:: Problem to work on ::
The copy you return must begin at the line containing "SAKO, Solum kirkebøker, F/Fa/L0008: Ministerialbok" and end at the final line of the listing below, with every picture left out.

┌─ Material provided

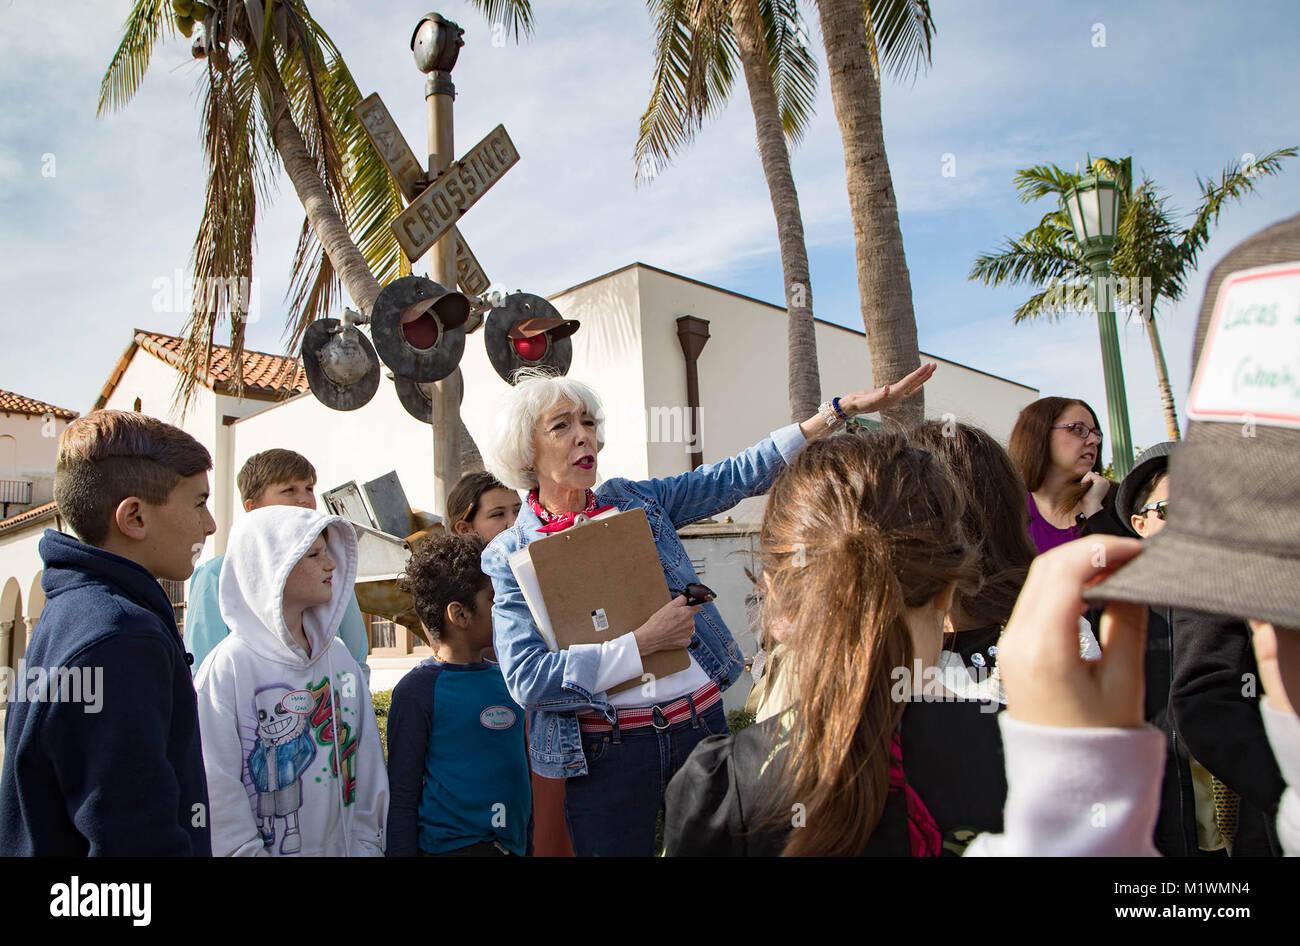 Boca Raton, Florida, USA. 2nd Feb, 2018. Susie Tabor, a volunteer for the Historical Society of Boca Raton, teaches - Stock Image
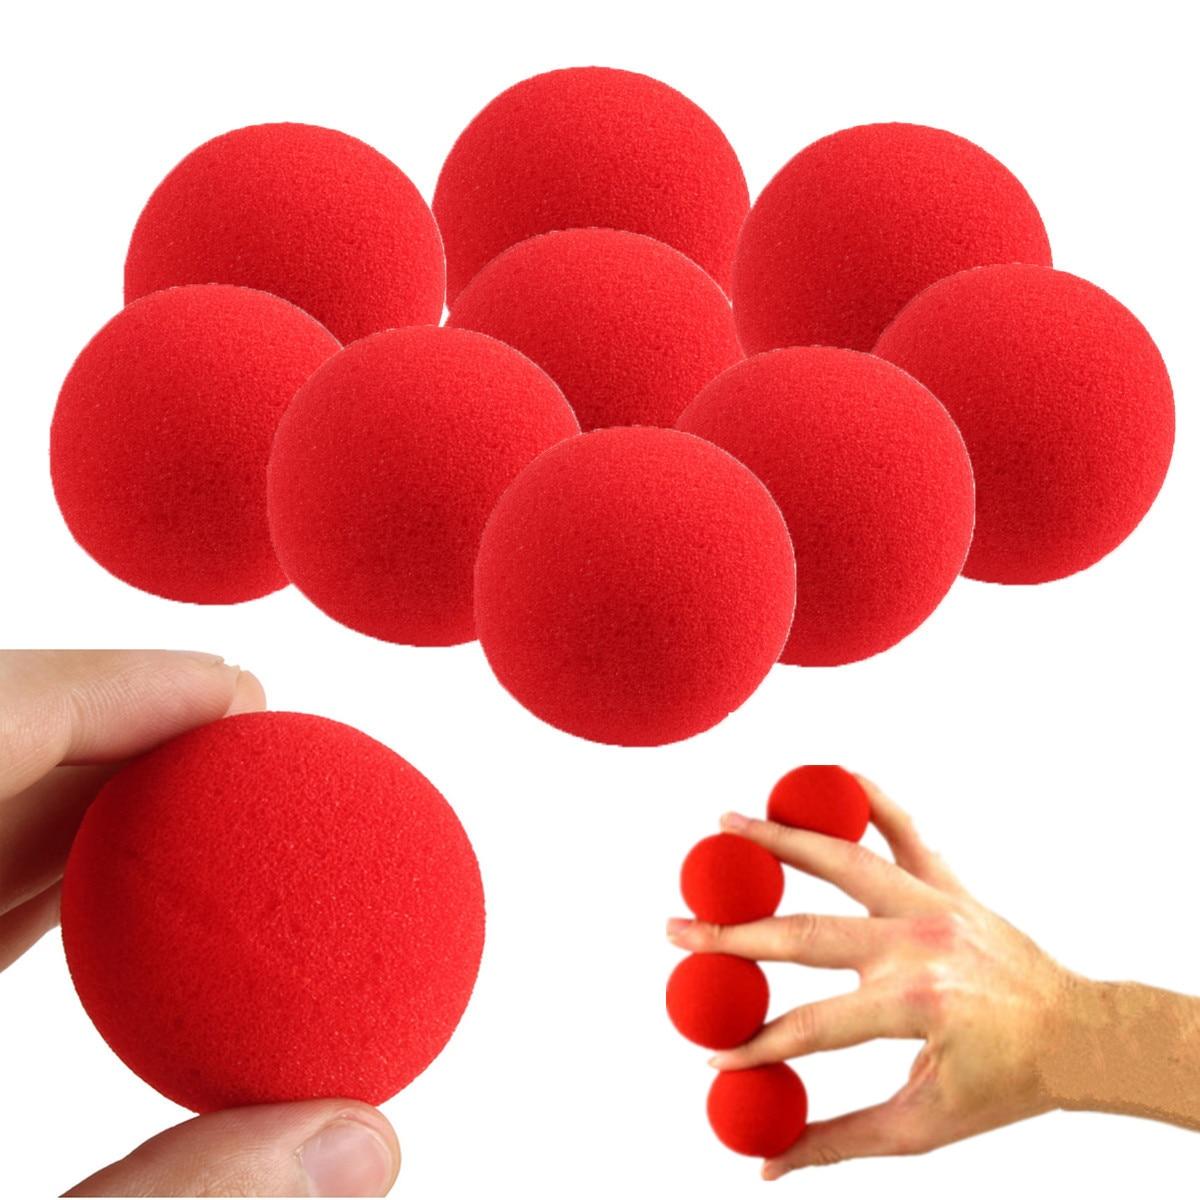 10PCs/lot High Quality 4.5cm New Fashion Close-Up Magic Sponge Ball Brand Street Classical Comedy Trick Soft Red Sponge Ball Toy(China)
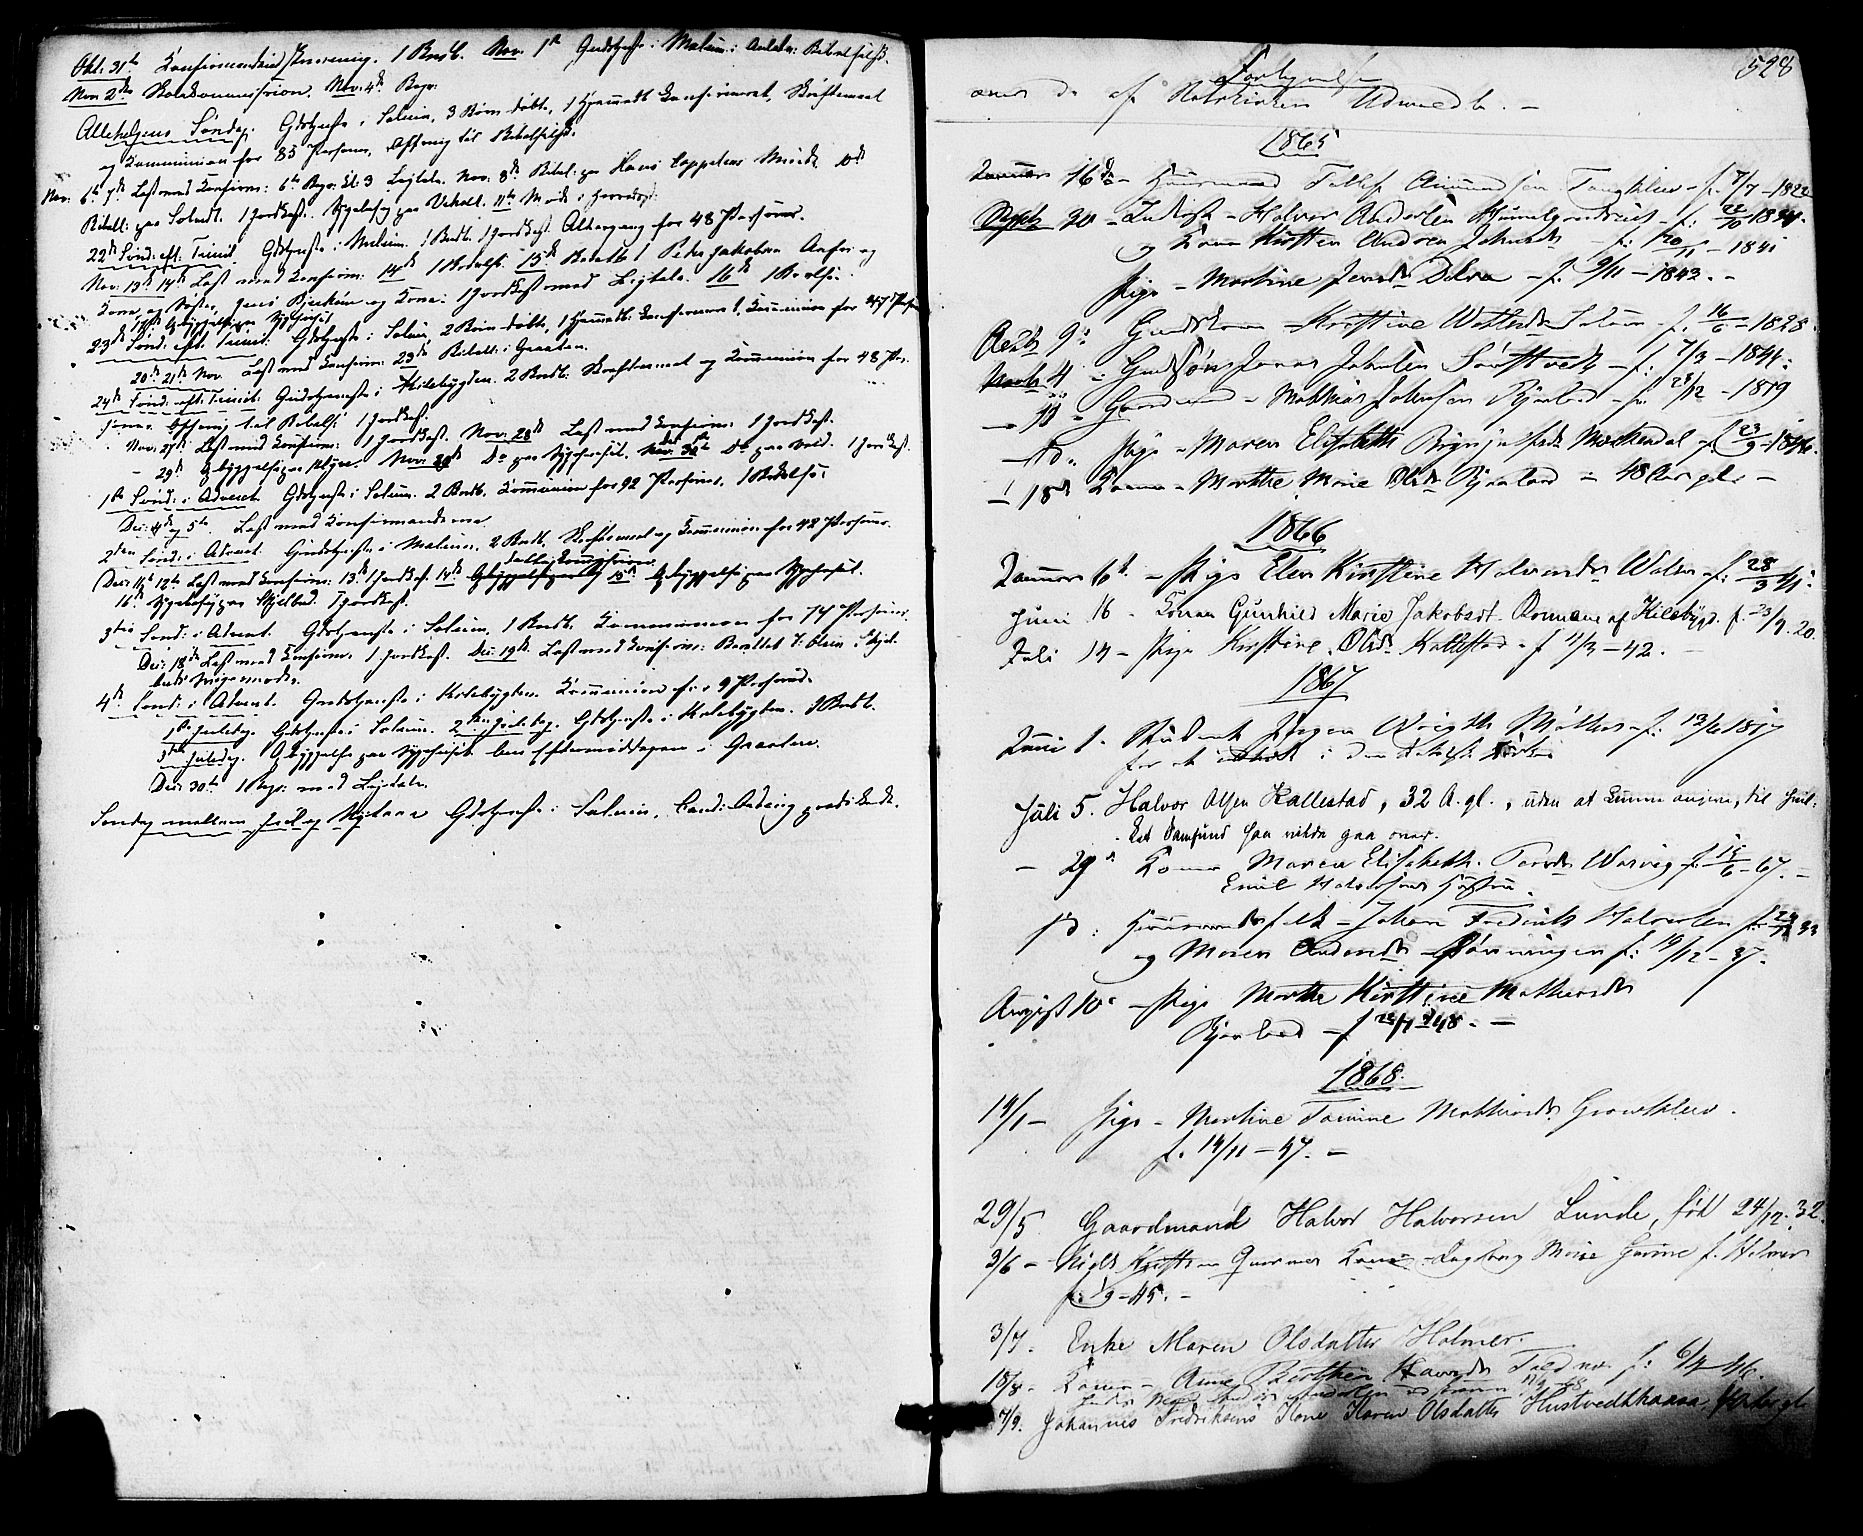 SAKO, Solum kirkebøker, F/Fa/L0008: Ministerialbok nr. I 8, 1865-1876, s. 528
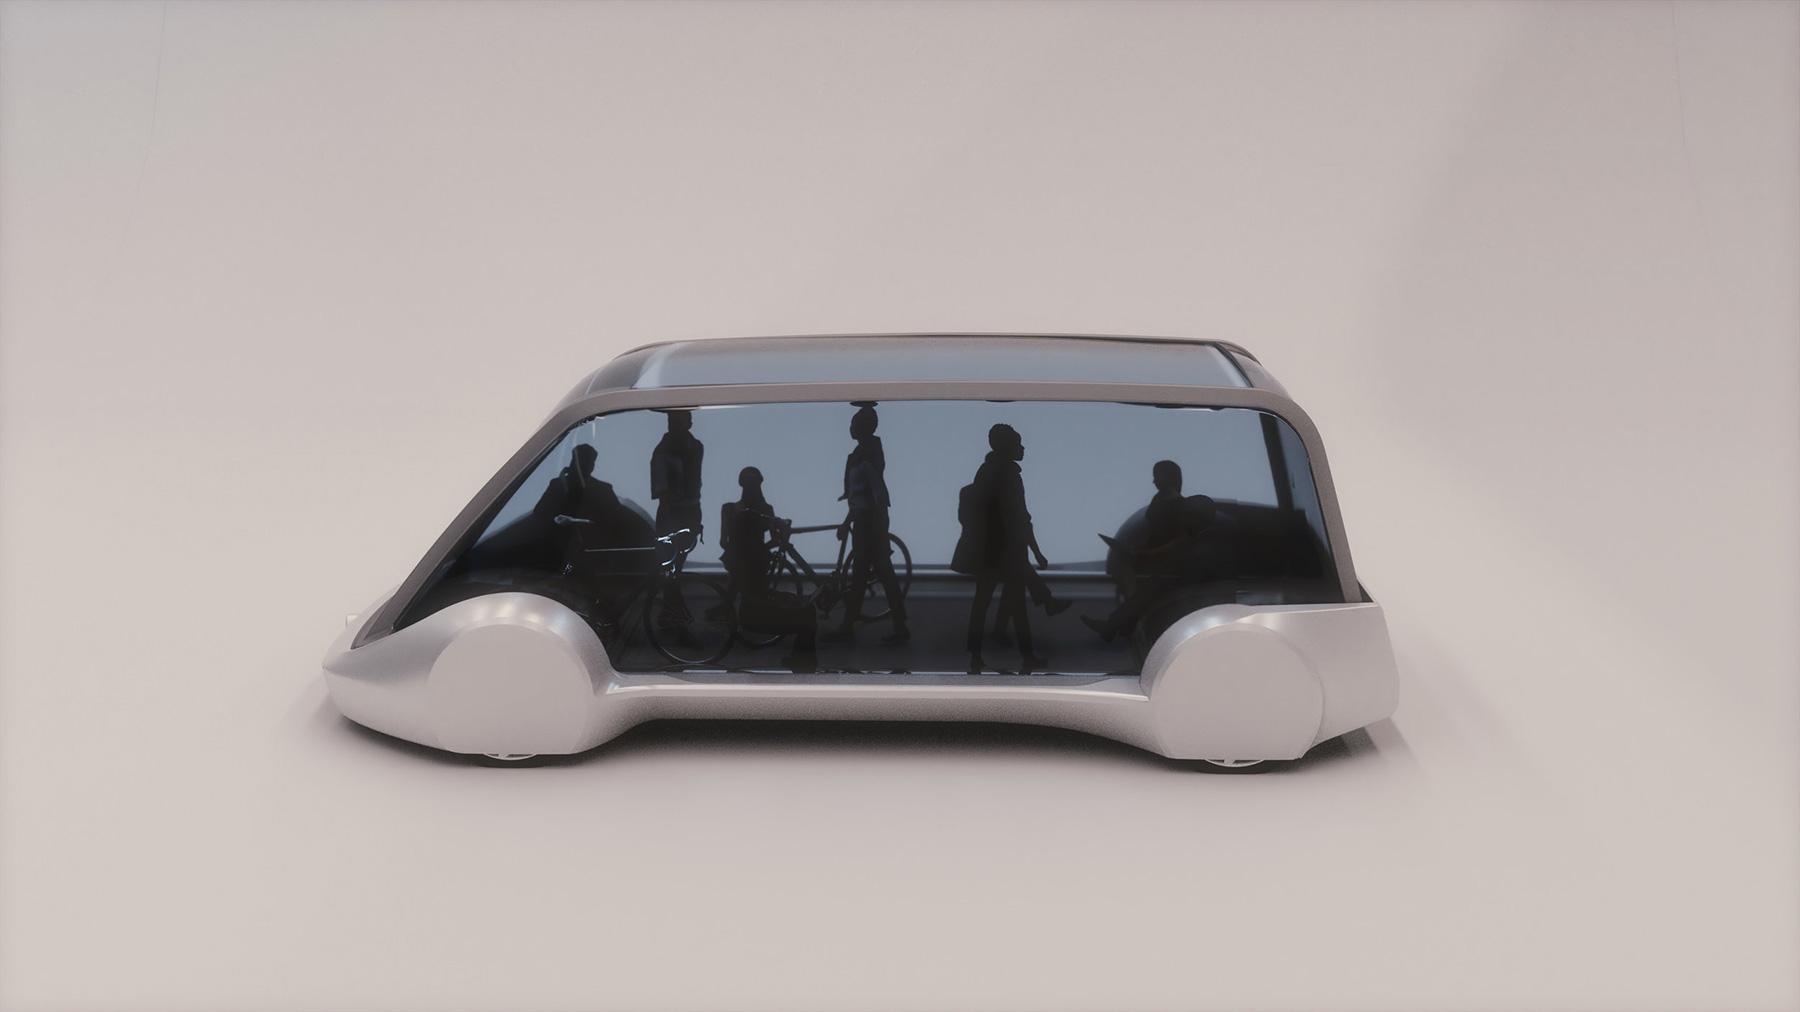 Elon Musk's Boring Company Teases Underground Transit Vehicle

└─

:: Response to this task ::
 SAKO, Solum kirkebøker, F/Fa/L0008: Ministerialbok nr. I 8, 1865-1876, s. 528
 Elon Musk's Boring Company Teases Underground Transit Vehicle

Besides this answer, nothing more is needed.